The EPA method identified the unwanted characteristics of the vehicle acceleration, such as the acceleration dip as a result of the interaction within the vehicle system, such as the front suspension and the subframe bushes. The decoupled simulation method was significant to determine the design requirement of the dominant components such as rubber mount, front roll-stopper, and rear roll-stopper. Without the rubber mount longitudinal properties, the vehicle body produced a low-frequency resonance of 10.66 Hz dominated by the PT cradle longitudinal acceleration. The vehicle body’s low-frequency resonances were migrated by decoupling the rubber mount yaw and pitch properties to 15.33 Hz dominated by PT cradle longitudinal acceleration; to 18.66 Hz dominated by the front wheel.

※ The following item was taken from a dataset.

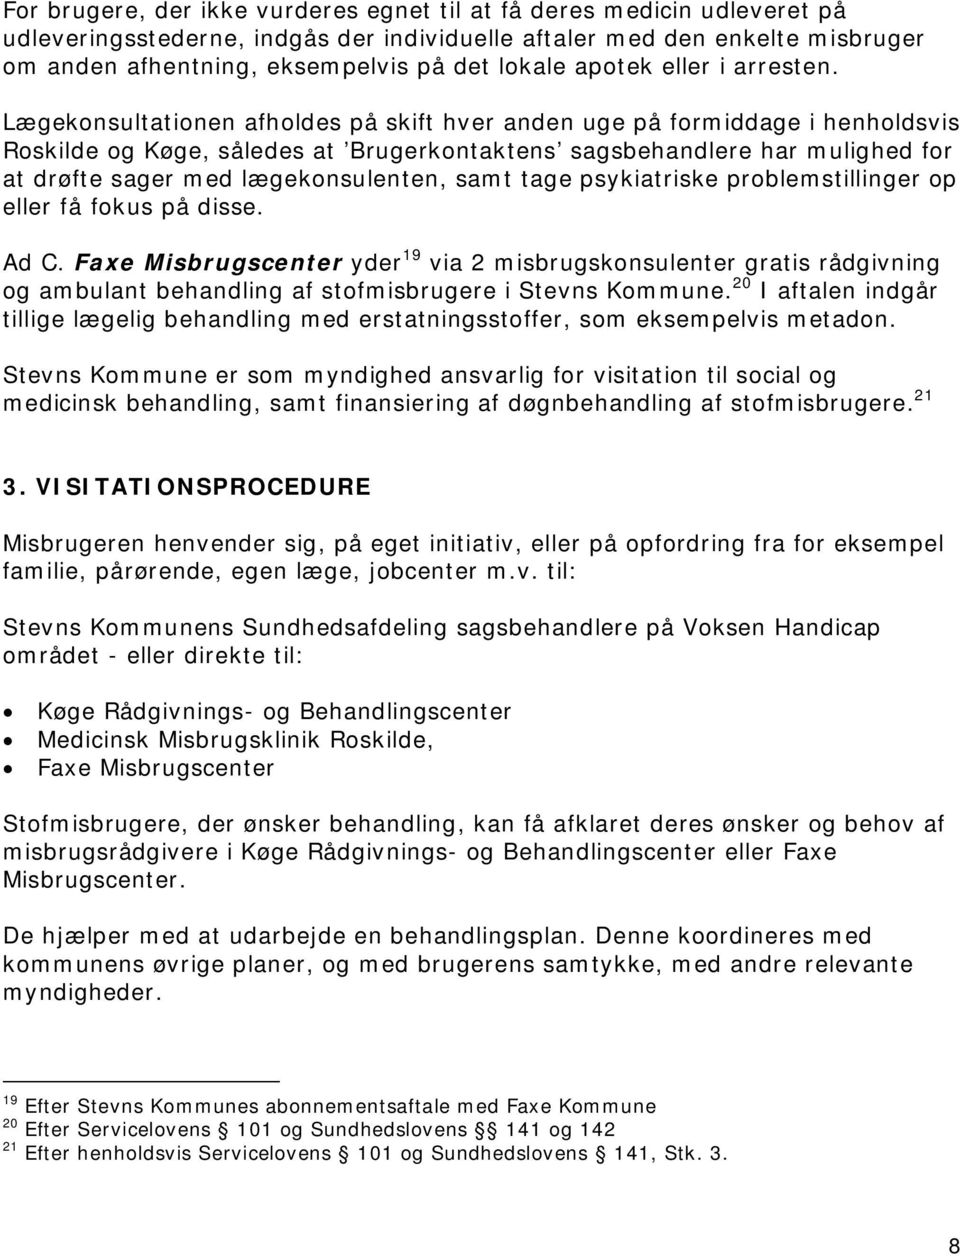 Lægekonsultationen afholdes på skift hver anden uge på formiddage i henholdsvis Roskilde og Køge, således at Brugerkontaktens sagsbehandlere har mulighed for at drøfte sager med lægekonsulenten, samt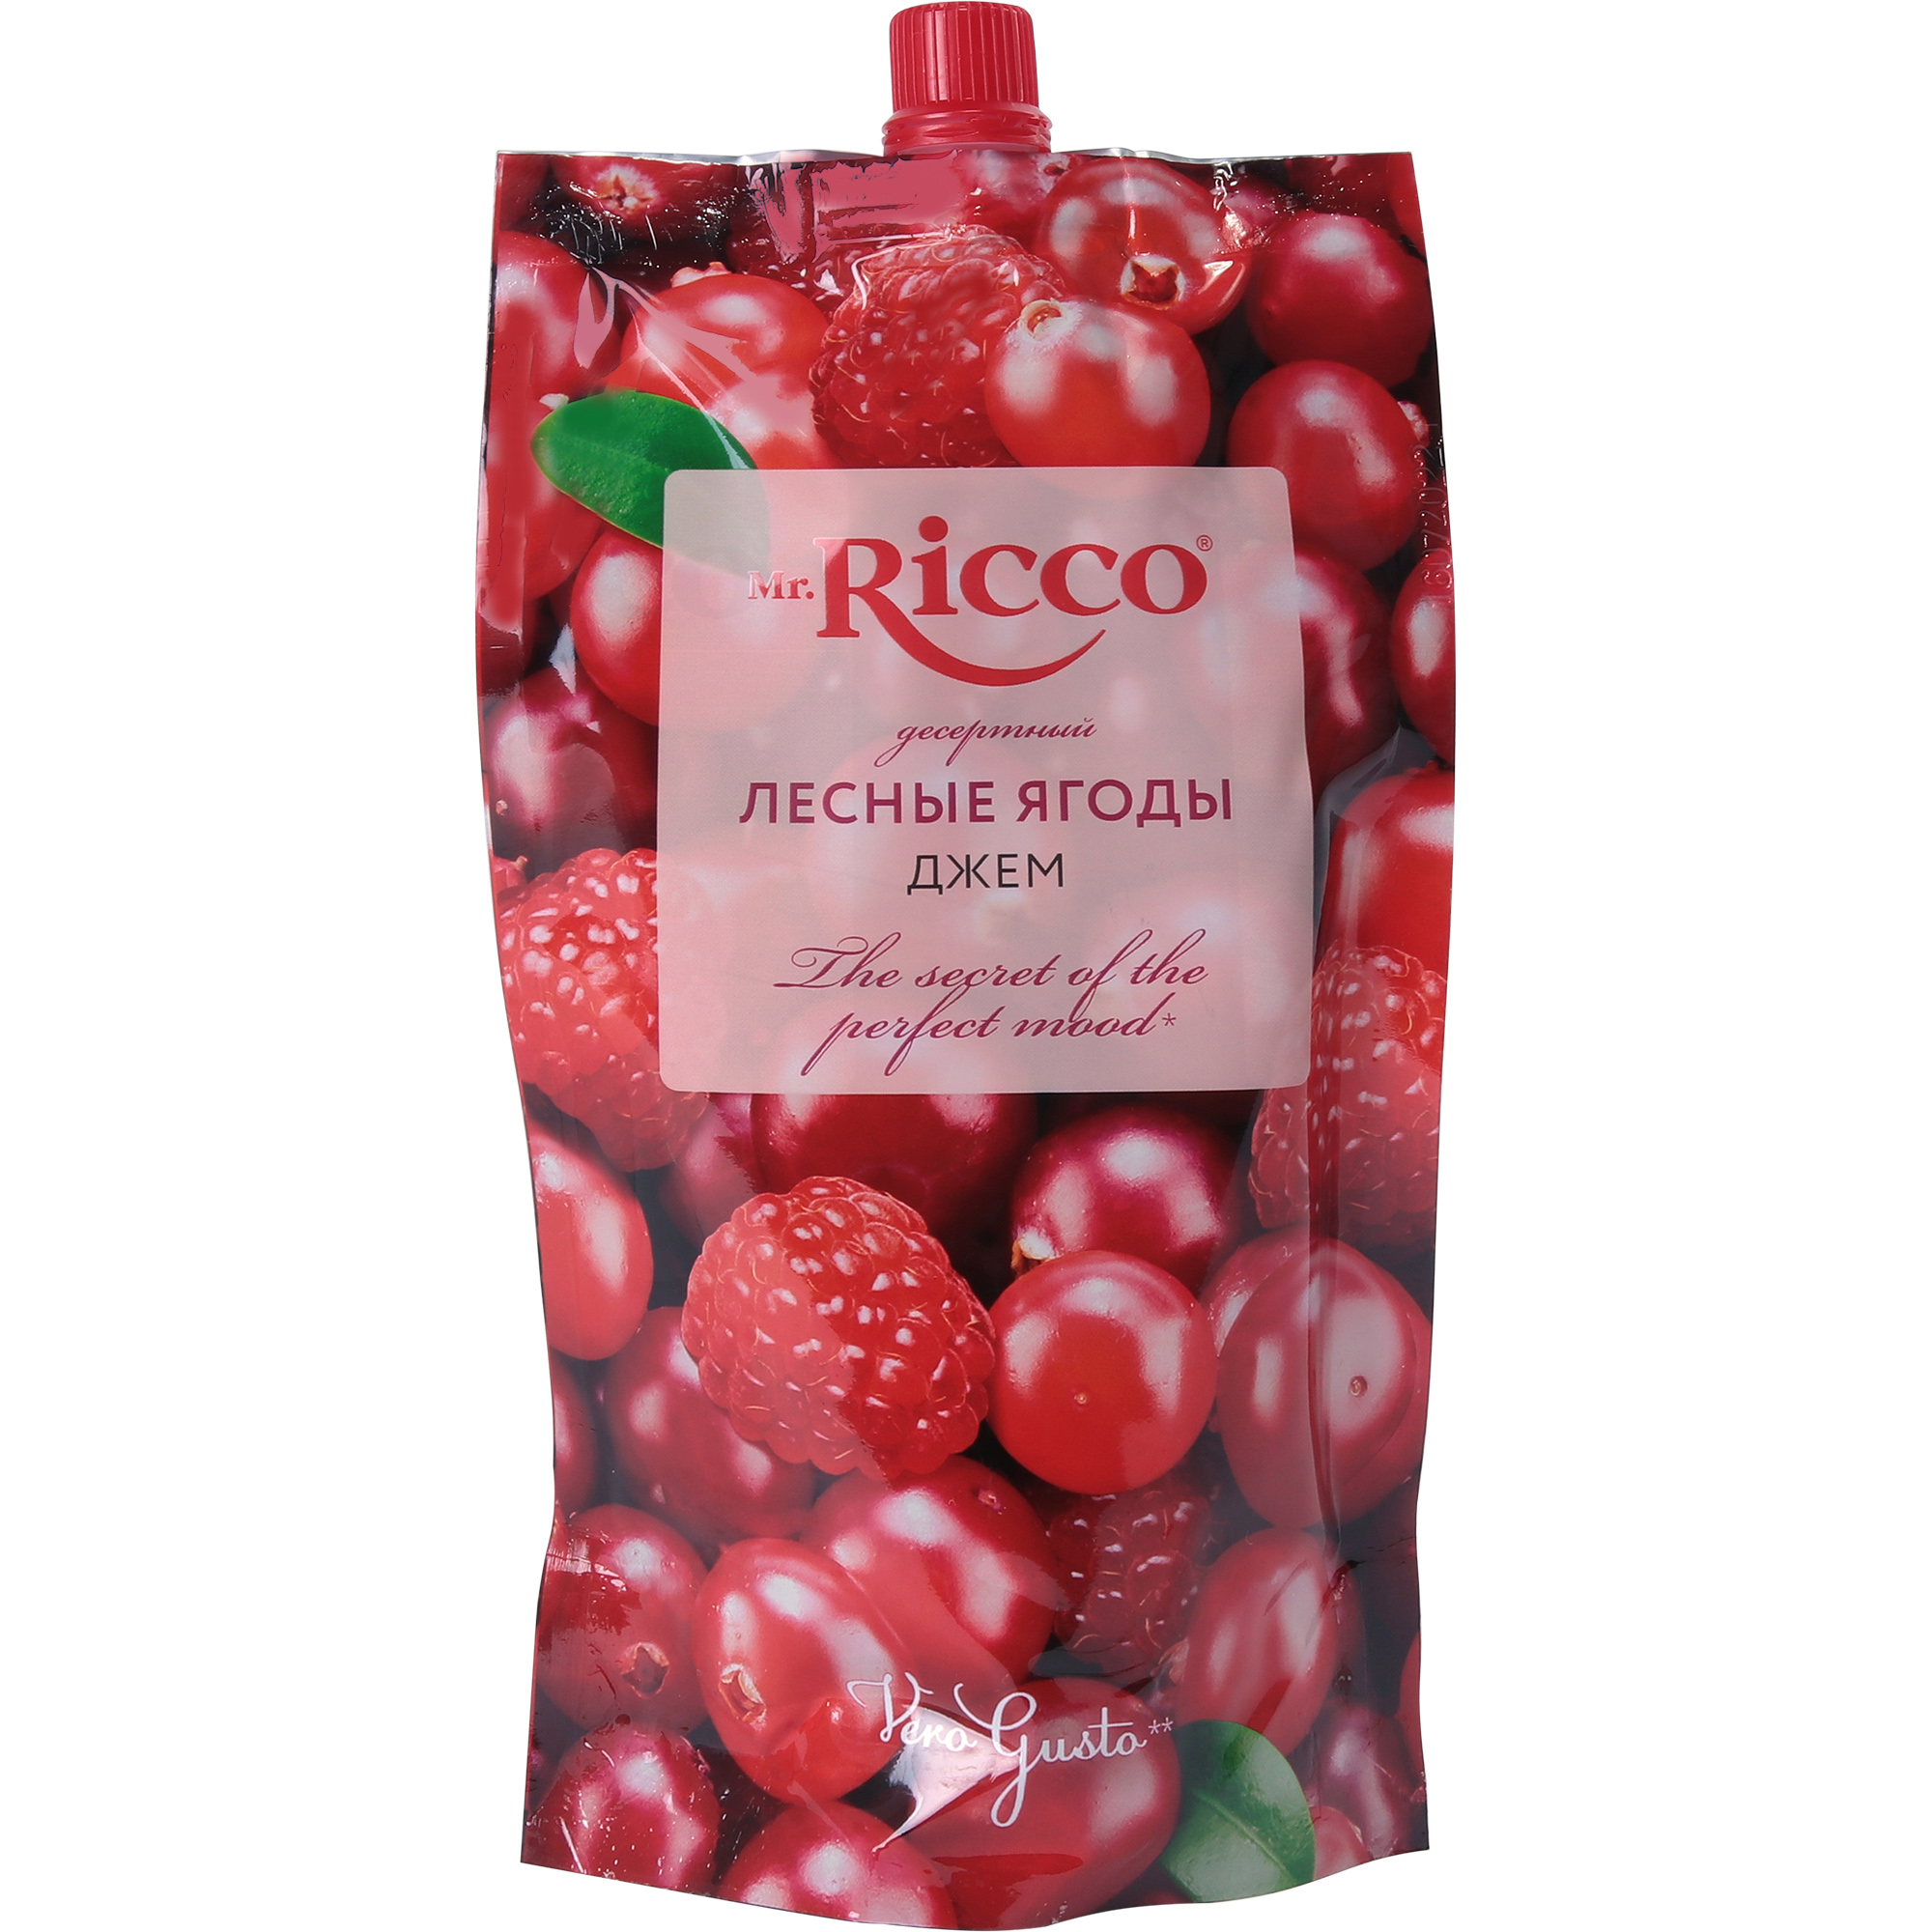 Джем Mr.Ricco лесные ягоды, 300 г

The absence of the front roll-stopper caused the vehicle body’s low-frequency resonance to migrate from 15.33 Hz to 13.33 Hz. This frequency migration was influenced by the PT cradle longitudinal acceleration. The decoupled rear roll-stopper migrated the vehicle body’s low-frequency resonance from 15.33 Hz to eight frequencies; 2.0 Hz, 3.33 Hz, 5.33 Hz, 7,33 Hz, 10.66 Hz and 12.66 Hz controlled by the PT cradle vertical acceleration; 7.33 Hz and 8.66 Hz controlled by the PT cradle longitudinal acceleration. Other frequencies (>17 Hz) were controlled by the front wheel.
The longitudinal and the pitch responses of the PT cradle were seen to have the predominant effect on the vehicle body’s longitudinal acceleration behaviour either in the time domain or frequency domain, which has been highlighted for detailed attention of the hardware tuning.